If you slosh the water in a bathtub at the correct frequency, the water rises first at one end and then at the other. Suppose you can make a standing wave in a 145 cm long tub with a frequency of 0.31 Hz. What is the velocity of the water wave?
That depends upon how many nodes are in the standing wave. If there is one in the middle, than the wavelength is 290 cm. Multiply that by the frequency for the wave velocity.
To find the velocity of the water wave, we can use the formula:
velocity = frequency * wavelength
We are given the frequency (f) as 0.31 Hz. To find the wavelength (λ), we need to use the formula:
wavelength = 2 * length
where the length (L) of the tub is 145 cm.

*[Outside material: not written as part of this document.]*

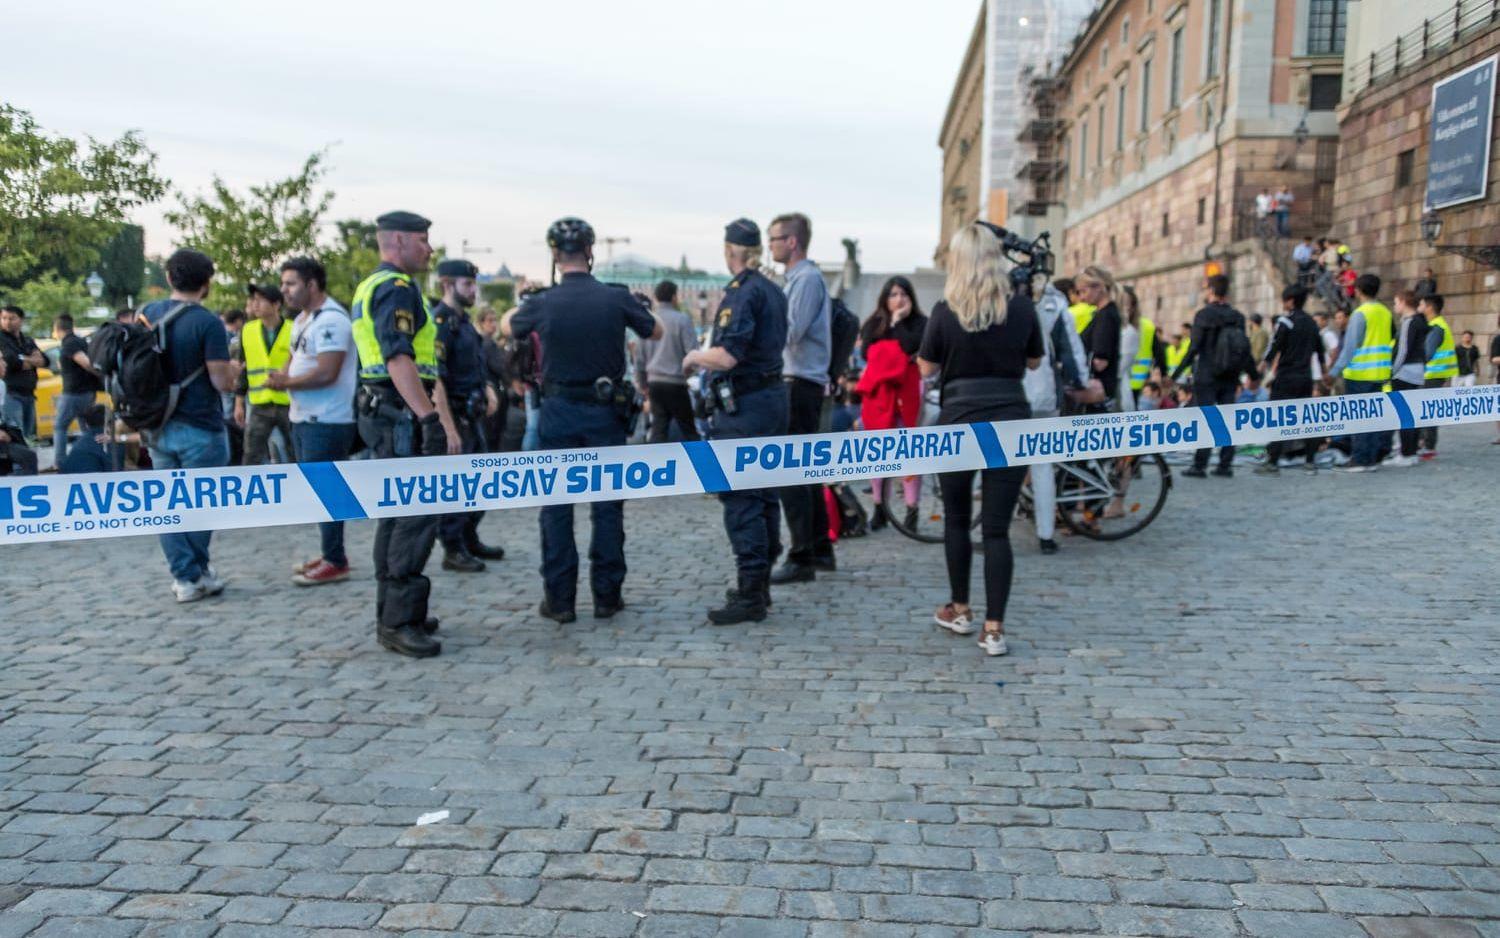 Polisen spärrade av platsen efter att tumult uppstått mellan attackerare och demonstranter.Bild: Pelle T Nilsson / Stella Pictures
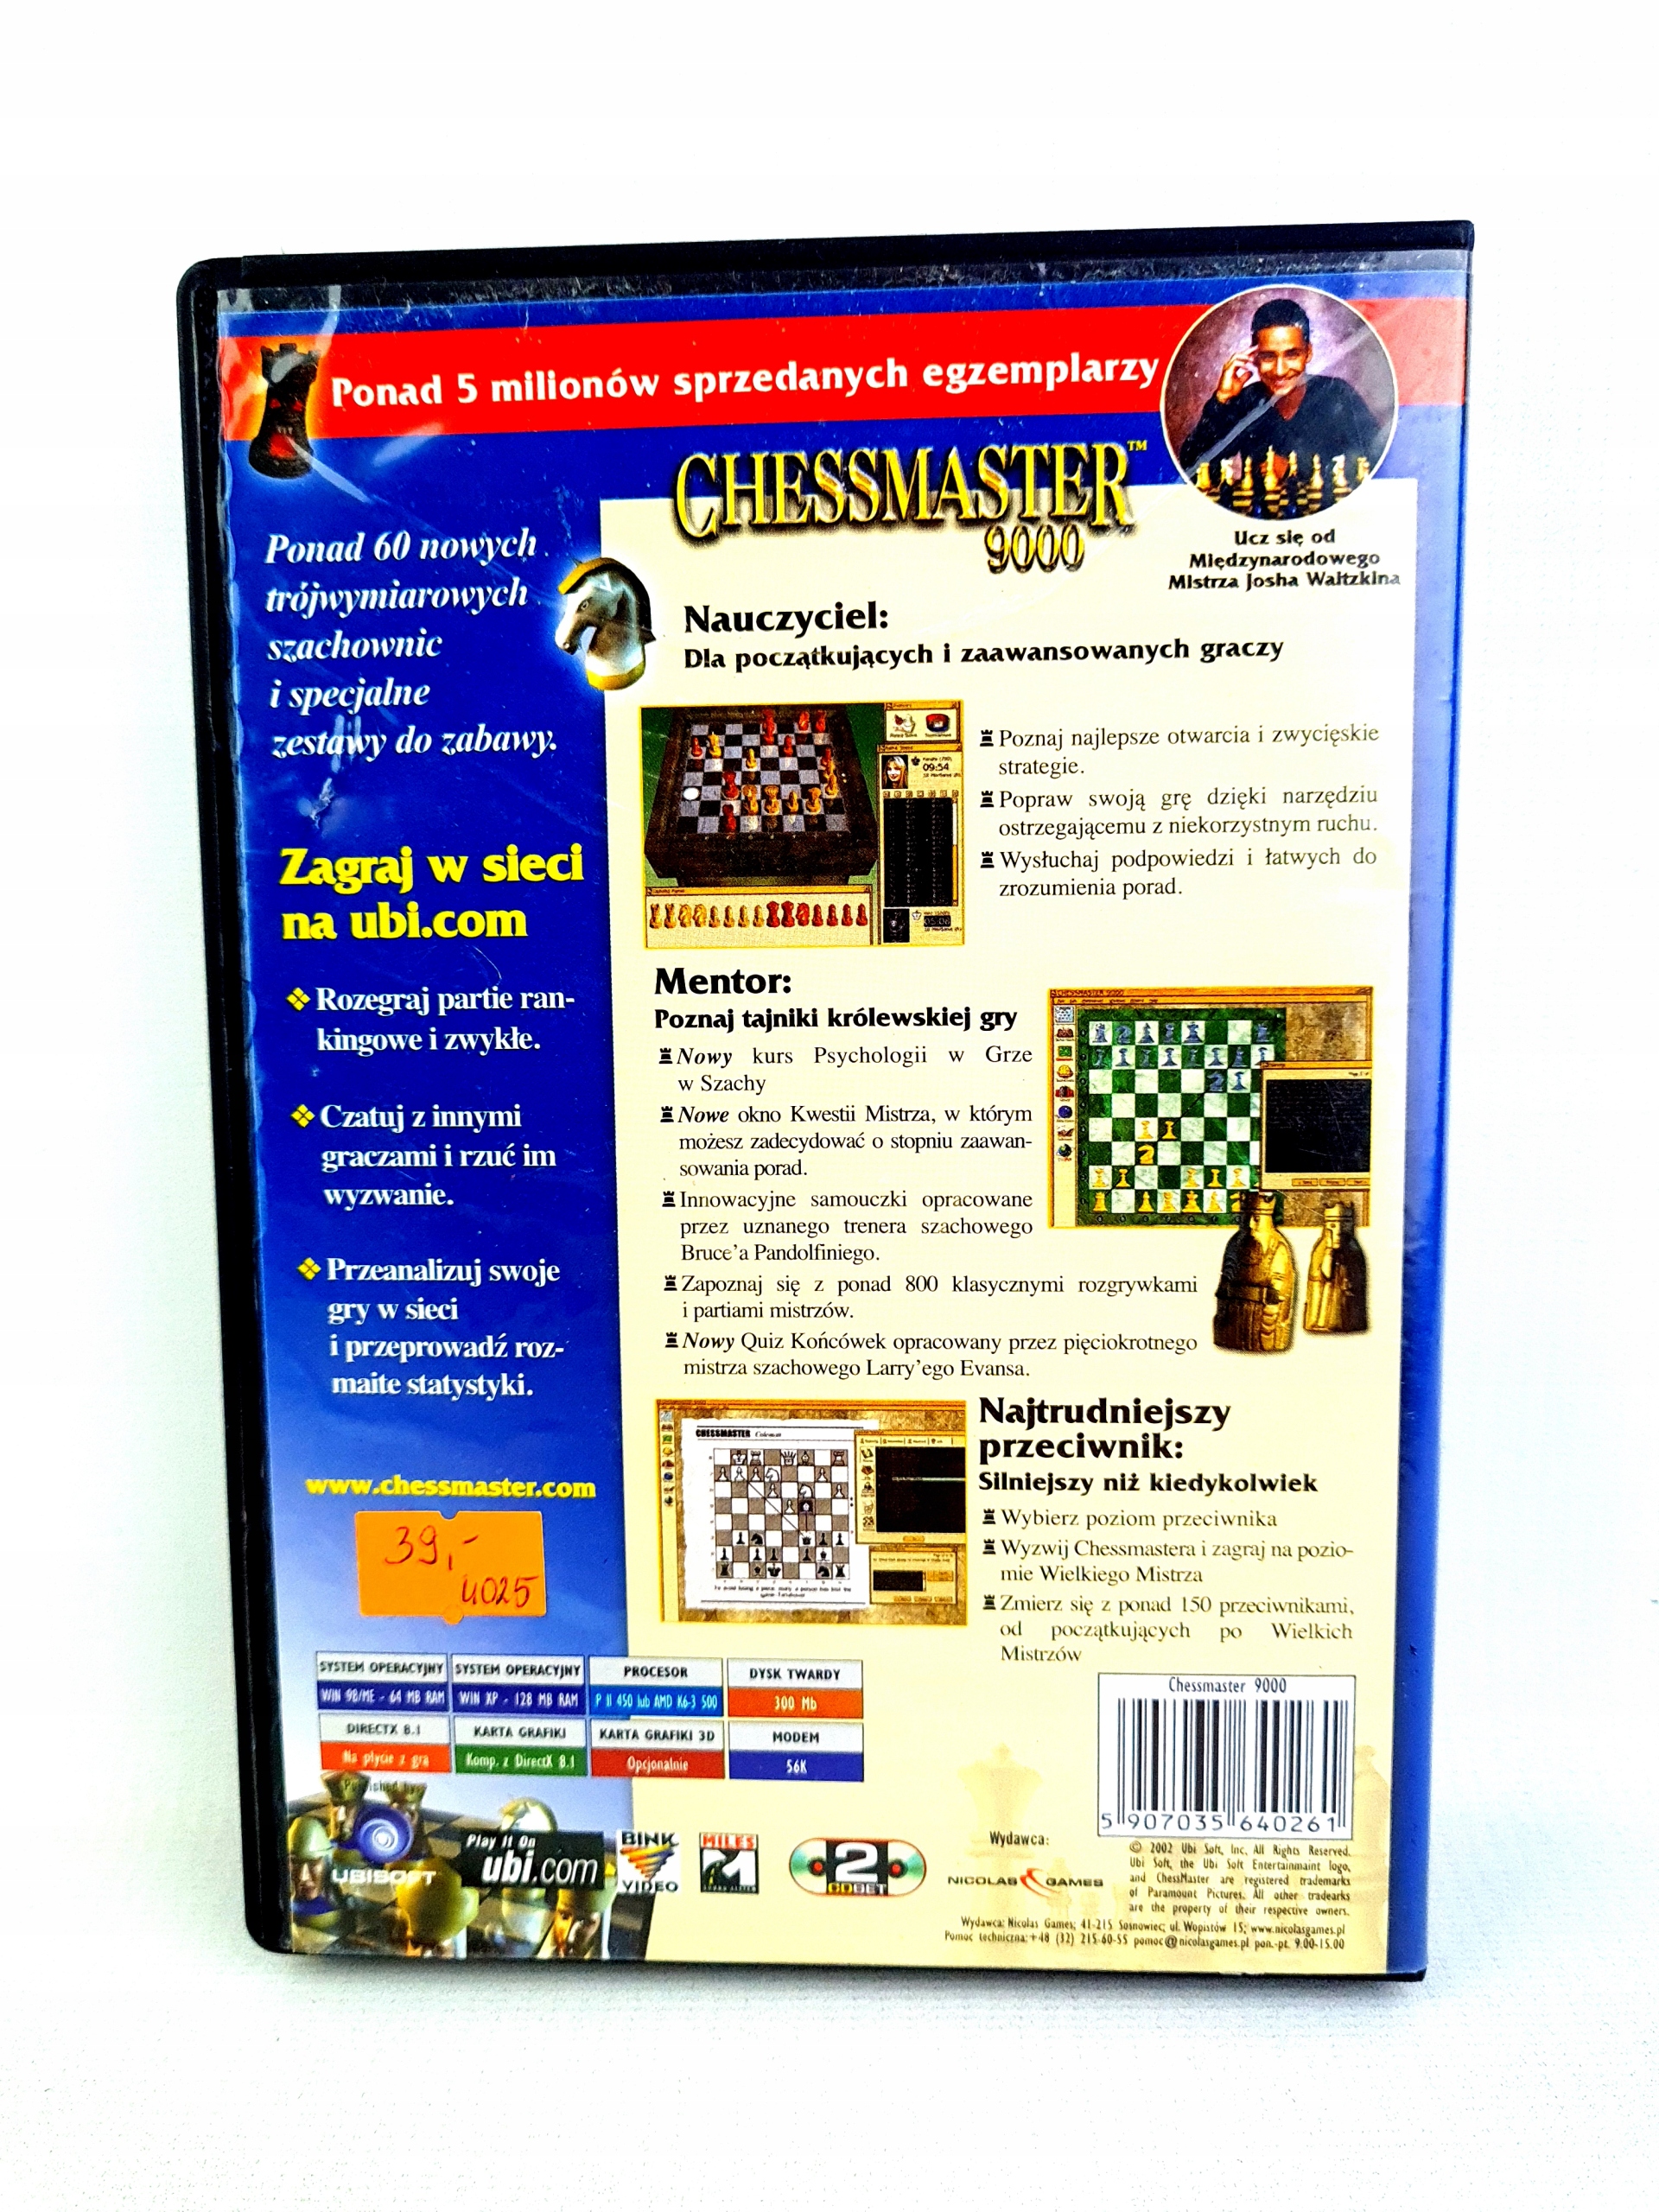 Chessmaster 9000 (2002)

Substituting the values into the formulas, we have:
wavelength = 2 * 145 cm = 290 cm
Now we can calculate the velocity:
velocity = 0.31 Hz * 290 cm = 89.9 cm/s
Therefore, the velocity of the water wave is 89.9 cm/s.
To find the velocity of the water wave, we can use the formula: Velocity = Frequency * Wavelength.
First, we need to find the wavelength. In the case of a standing wave, the wavelength is twice the length of the tub, so the wavelength is 2 * 145 cm = 290 cm.
Next, we use the formula: Velocity = Frequency * Wavelength.
We plug in the values:
Velocity = 0.31 Hz * 290 cm.
Next, we need to convert the wavelength from centimeters to meters since velocity is typically measured in meters per second. There are 100 centimeters in one meter, so we divide the wavelength by 100: 290 cm / 100 = 2.9 meters.
Finally, we multiply the frequency by the converted wavelength:
Velocity = 0.31 Hz * 2.9 meters = 0.899 meters per second.
Therefore, the velocity of the water wave in the tub is approximately 0.899 meters per second.